The whole of life experience
is the process of setting and achieving goals.
You can’t even get out of bed in the morning
without setting a goal to get out.

Therefore, true leaders set specific and measurable goals and intentions. While this may seem common sense, experience proves that it’s just not commonly practiced.

More importantly Leaders hold their intention regardless of current physical appearances

The true test of Leadership and Character
is not continuance when you see a light at the end of the tunnel. 
The true test is continuing when you don’t see the light.

Yet, True Leaders are not just simply setting any goal and intention, rather a goal and intention they have the definite ability to achieve.

Big difference.

Not an easy intention by any means, but research on The Focused Flow State proves that you must have the basic foundation upon which to build. This is a vital principle that I’ve previously discussed elsewhere.

Once you’ve clearly chosen your objective, you move to step number two. Complete immersion in the task at hand.

We live in a culture of deep distraction.
Focus is replaced by folly.

For most, focus is so lacking that they can’t keep their mind on a single point for a minute much less an hour.

Current research tells us the average individual spends 2.15 hours per day in distraction.

Is it any wonder that most never come close to their own Leadership ability and Ultimate Performance? 

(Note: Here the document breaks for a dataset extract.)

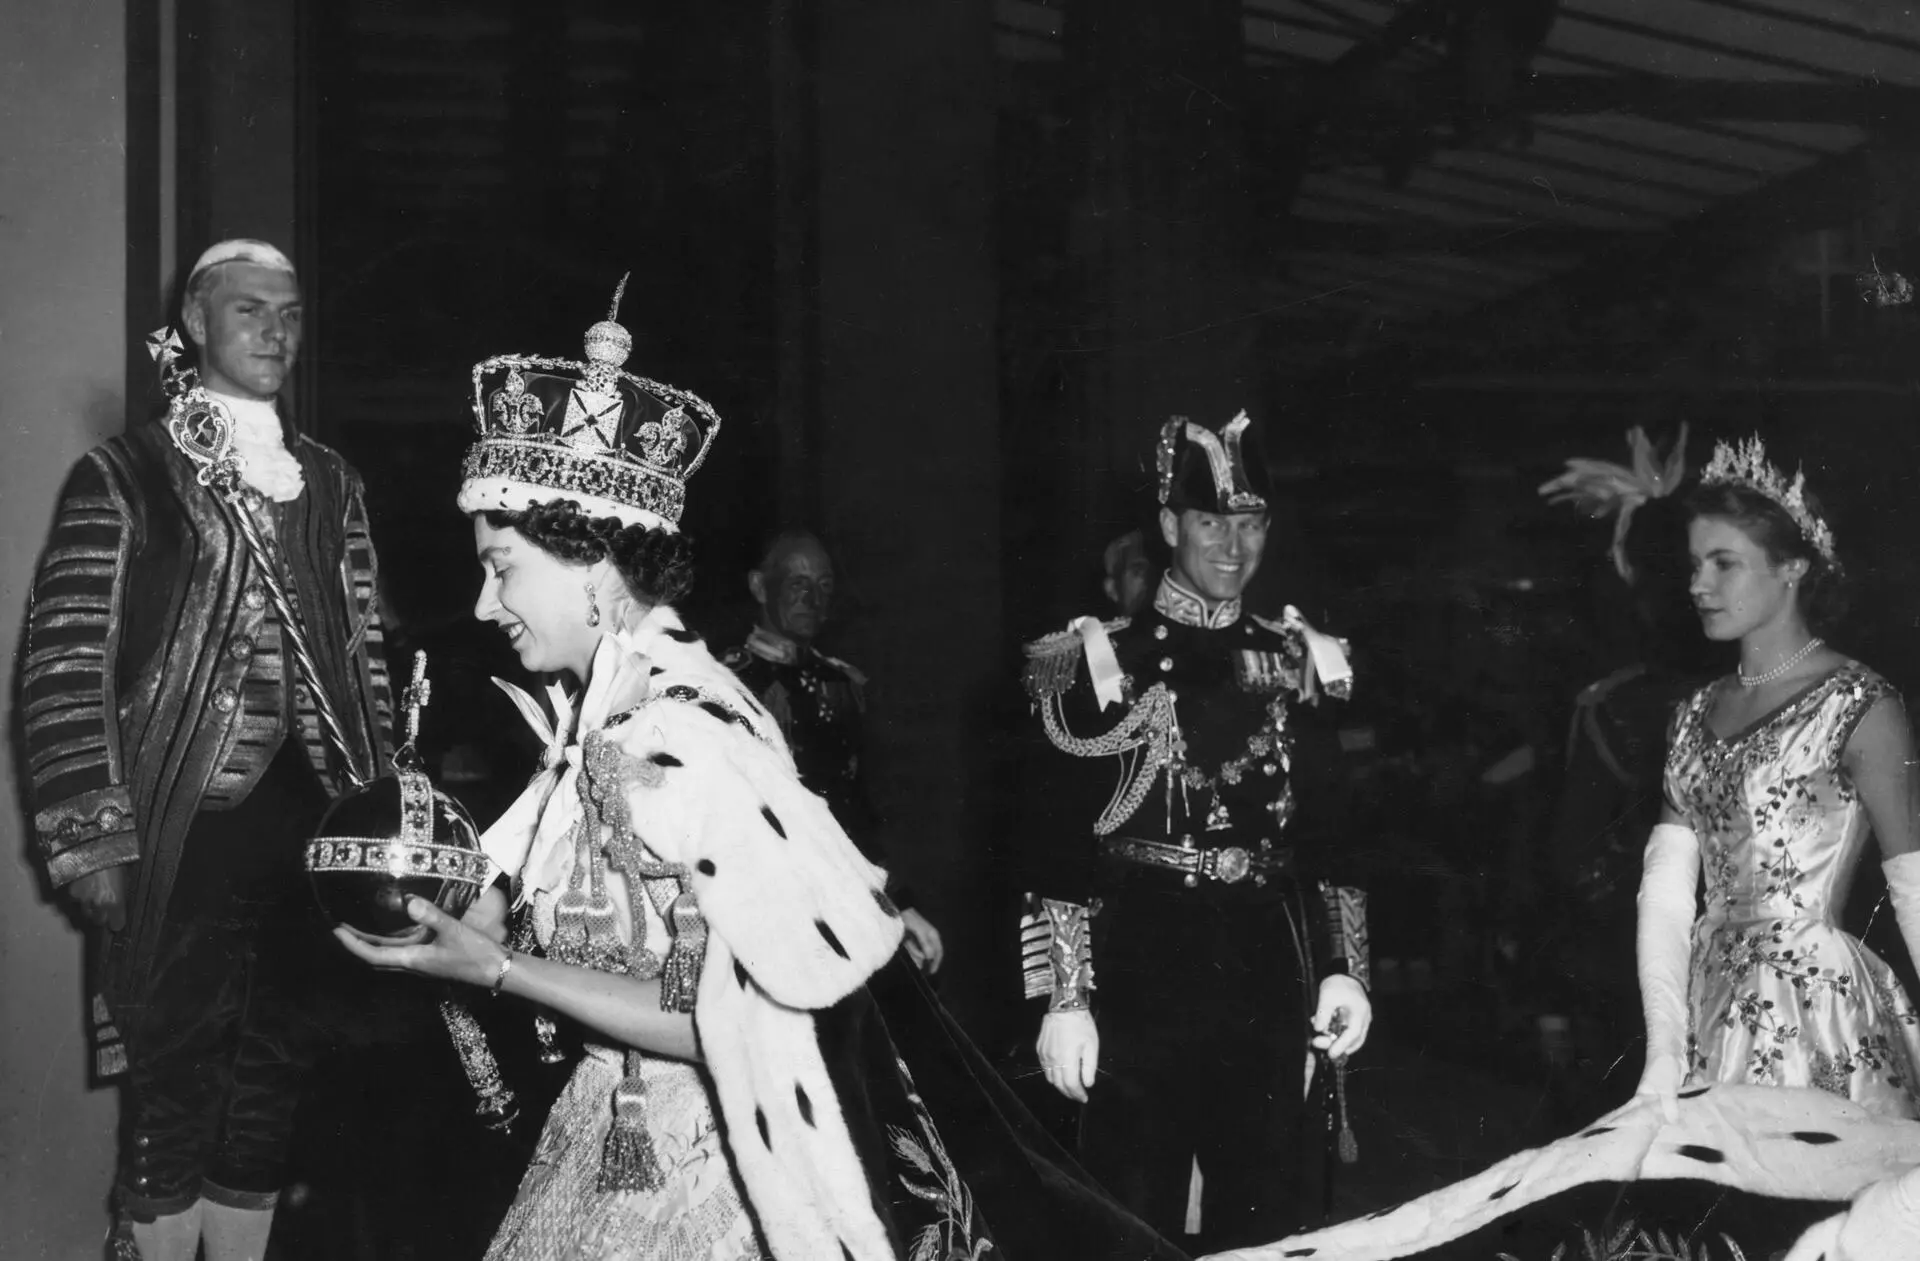 1953年6月2日、戴冠式を終えたエリザベス2世は、夫であるエディンバラ公爵に見守られながら、ウェストミンスター寺院からロンドンのバッキンガム宮殿へと戻ってきた。 夫であるエディンバラ公の共犯的な視線の中、エリザベス2世は1953年6月2日の戴冠式を終え、ウェストミンスター寺院からロンドンのバッキンガム宮殿へと戻ってきた。© Topical Press Agency/Getty

You can be a light bulb or a laser beam.
A light bulb, lacking focus, lights up a large area.
But the focus of a laser cuts through steel.

Furthermore, the average individual picks up his phone 5 times per hour—five!

I’m sure you can see how very quickly the 49% of your life you have left, after sleeping for 33%; and spending 18% showering, shaving, deciding what to wear, and what to eat, is burned up extremely fast.

Now add the 4 hours per day that the average individual watches television; and you’re basically done. 

Is it any wonder that most leave this lifetime with the music still in them?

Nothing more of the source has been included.